How to complete this task:
Pictures stay out, but every line of the data is copied exactly.
━━━━━ Source material ━━━━━
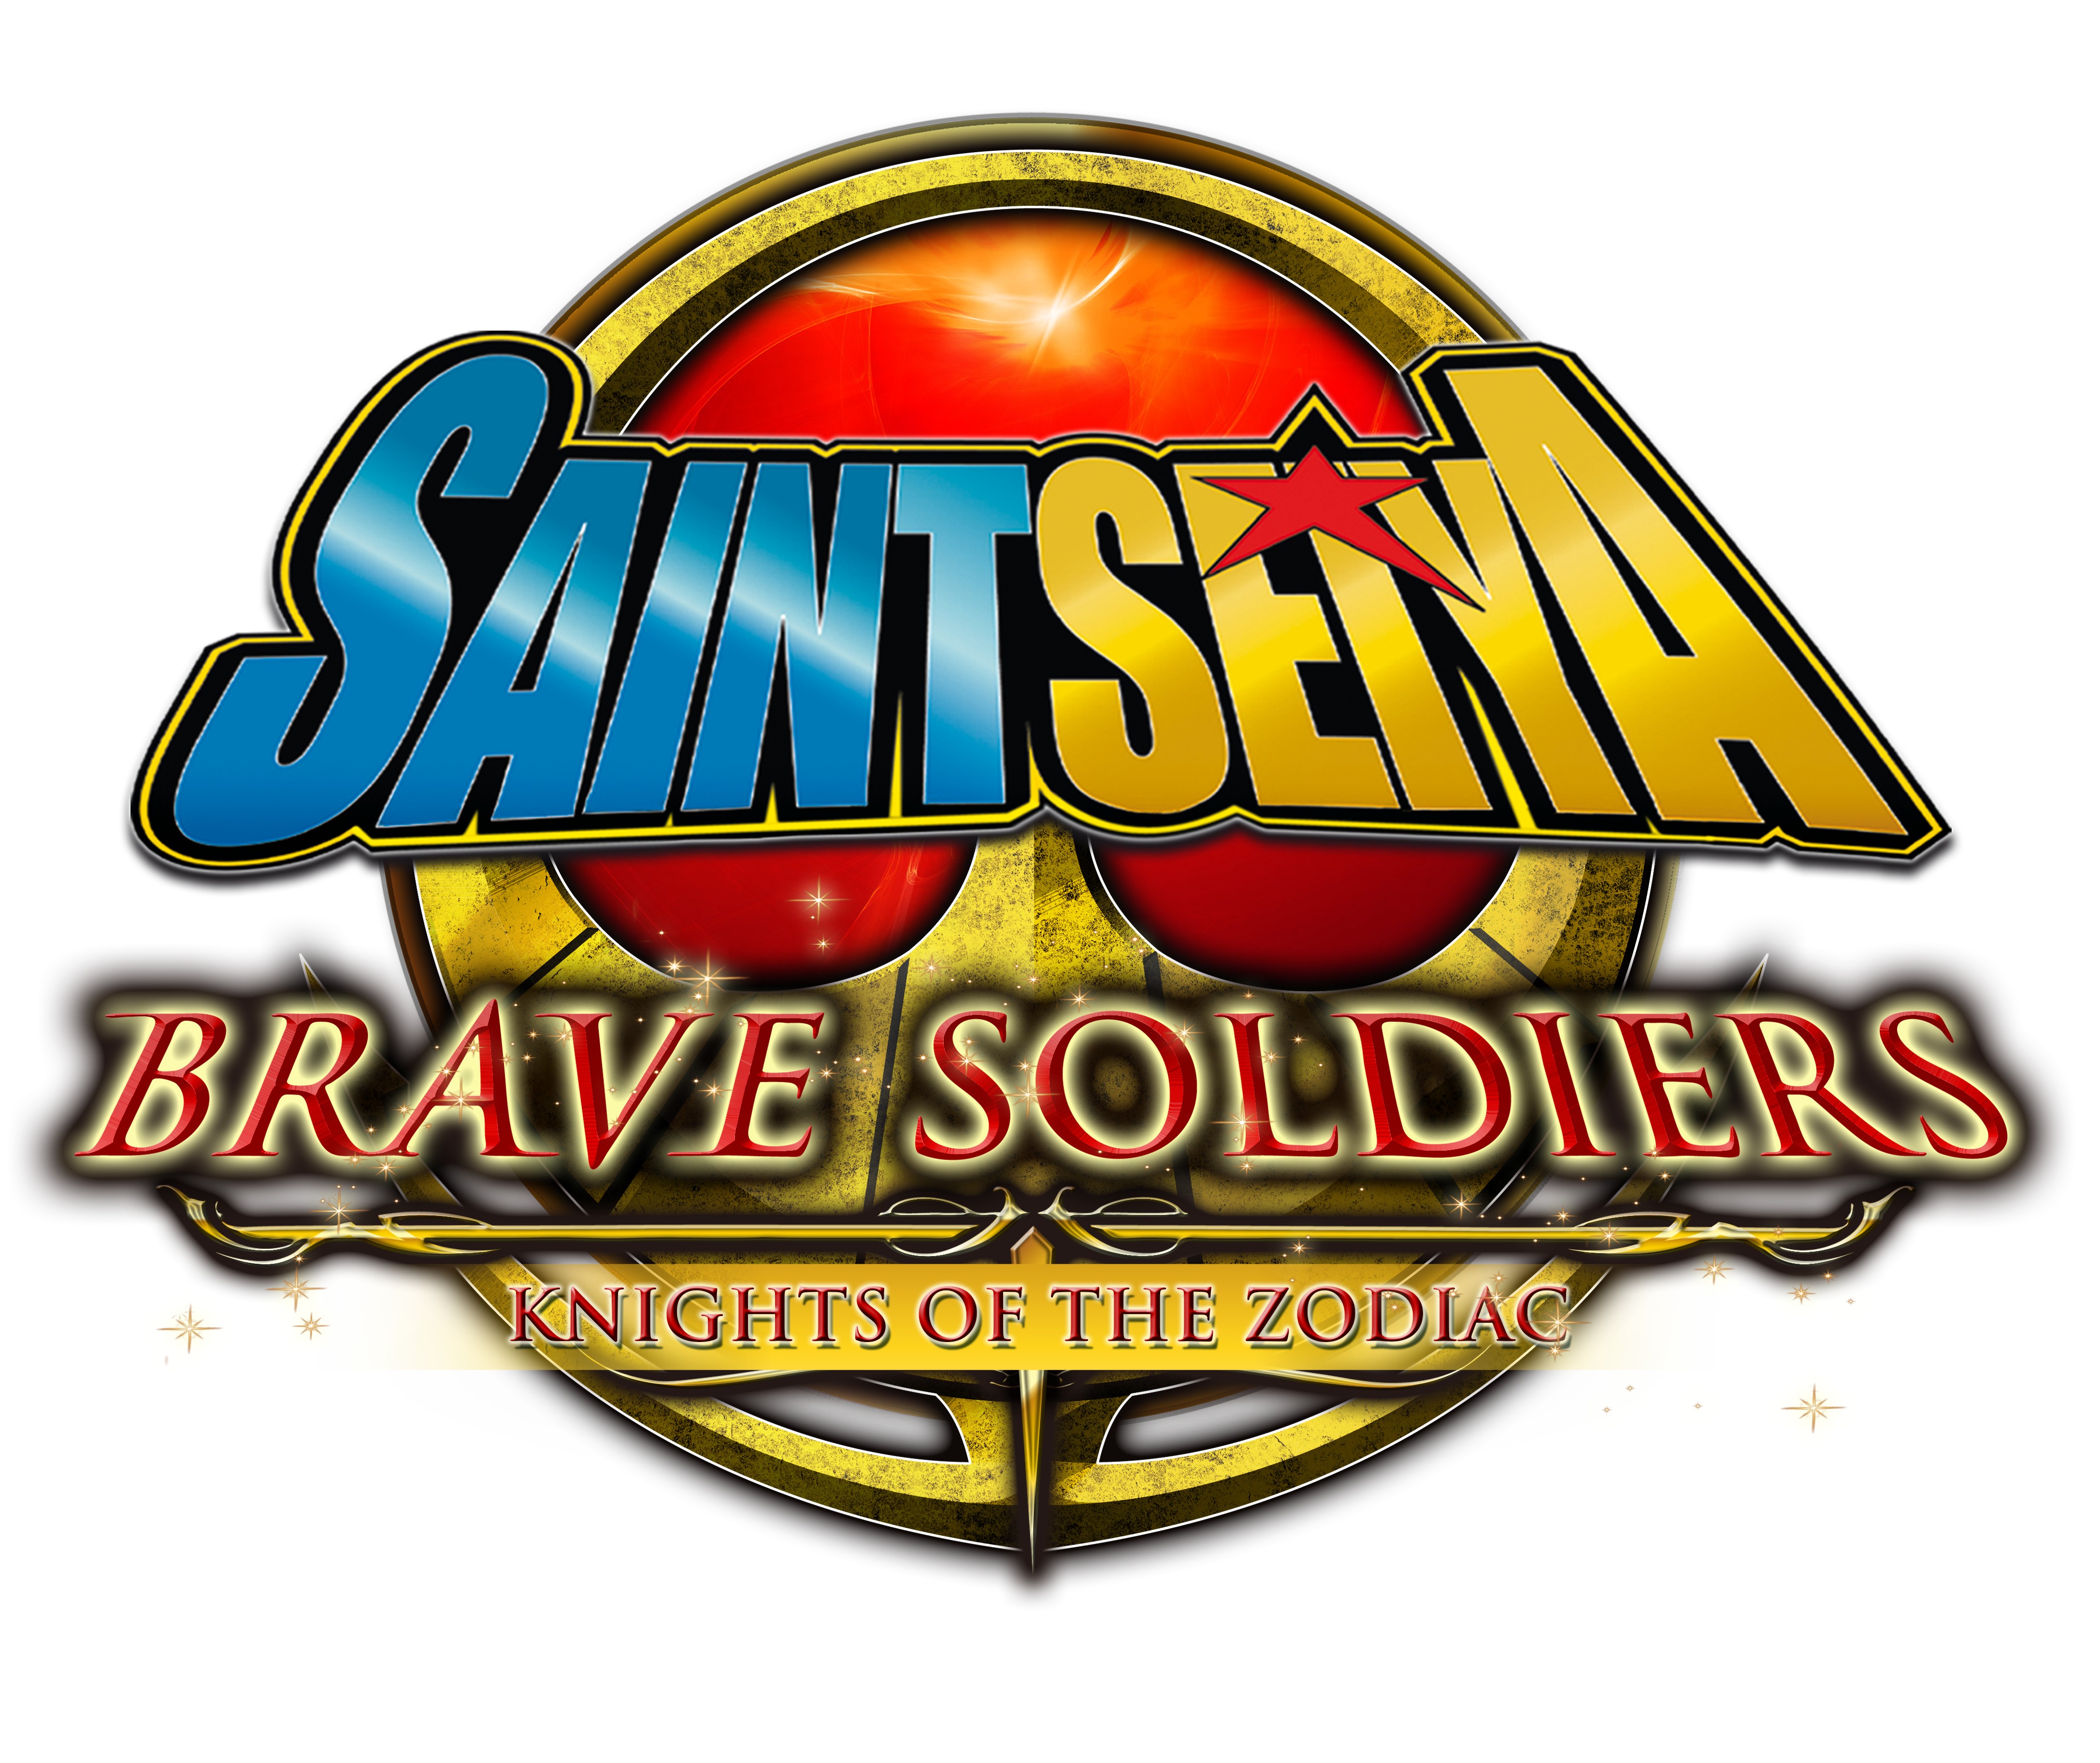 Saint Seiya: Brave Soldiers - GameSpot
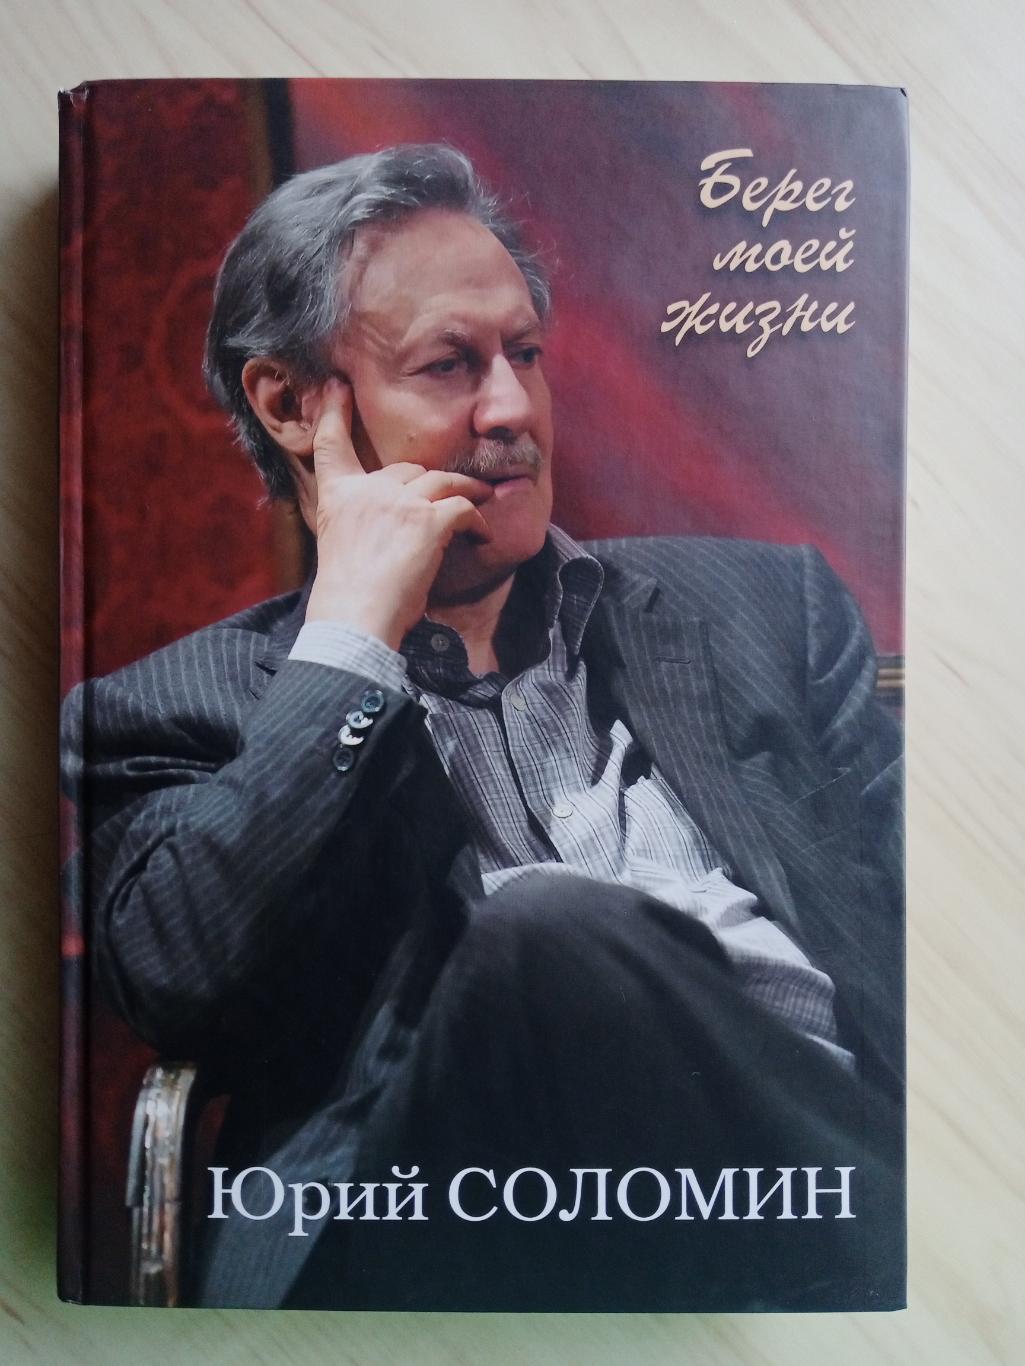 Книга Юрий Соломин Берег моей жизни с автографом Юрия Соломина
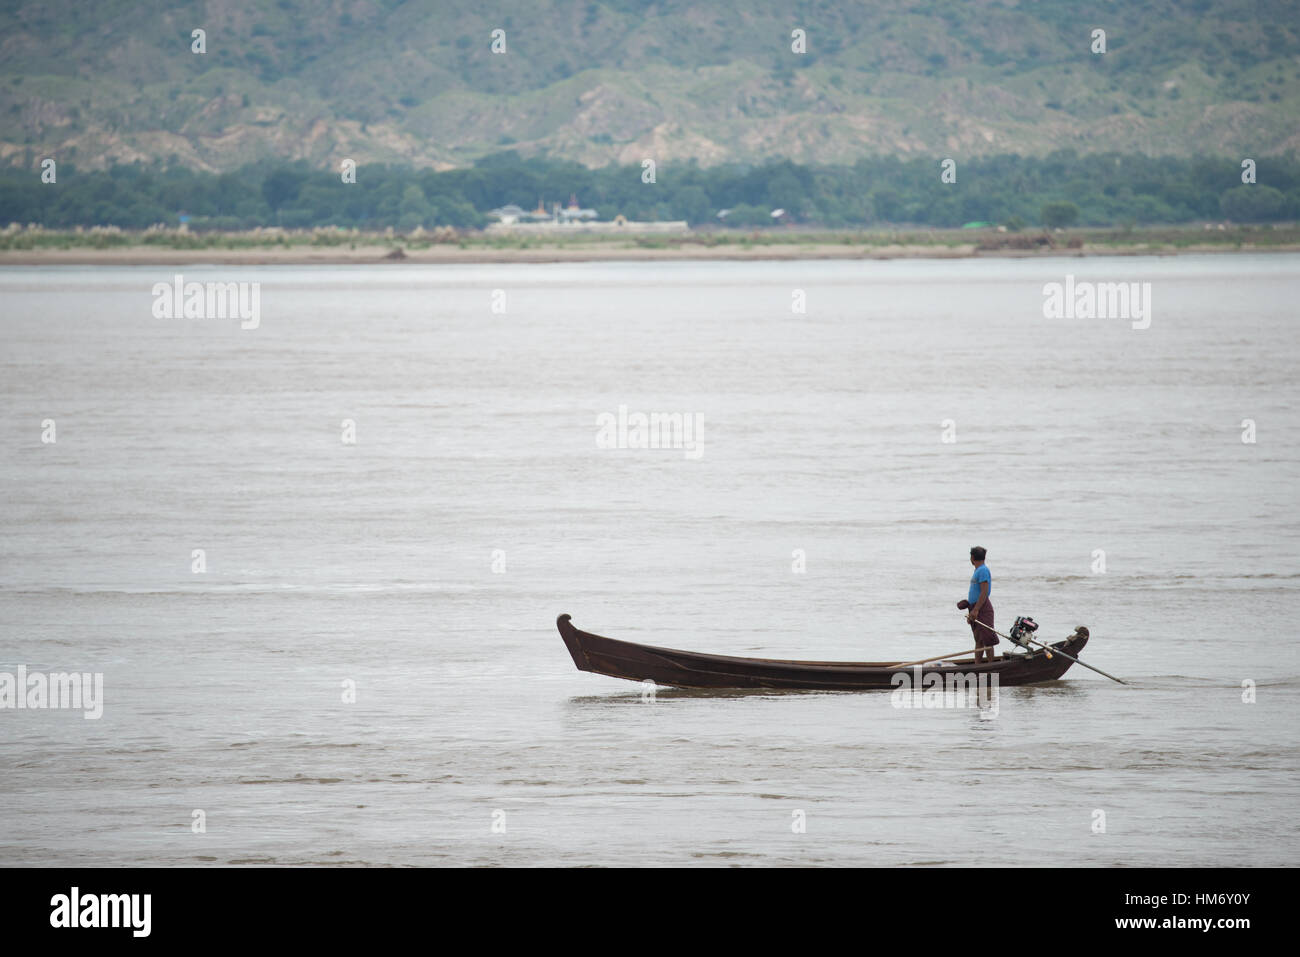 BAGAN, Myanmar (Birmanie) - La rivière Ayeyarwaddy (ou la rivière Irrawaddy) est le plus grand fleuve au Myanmar. L'exécution du nord au sud à travers le pays qu'il sert comme une voie de transport et une importante voie commerciale. Banque D'Images
━━━━━
Written response:
 Saint Seiya: Brave Soldiers - GameSpot
 Книга Юрий Соломин Берег моей жизни с автографом Юрия Соломина
 BAGAN, Myanmar (Birmanie) - La rivière Ayeyarwaddy (ou la rivière Irrawaddy) est le plus grand fleuve au Myanmar. L'exécution du nord au sud à travers le pays qu'il sert comme une voie de transport et une importante voie commerciale. Banque D'Images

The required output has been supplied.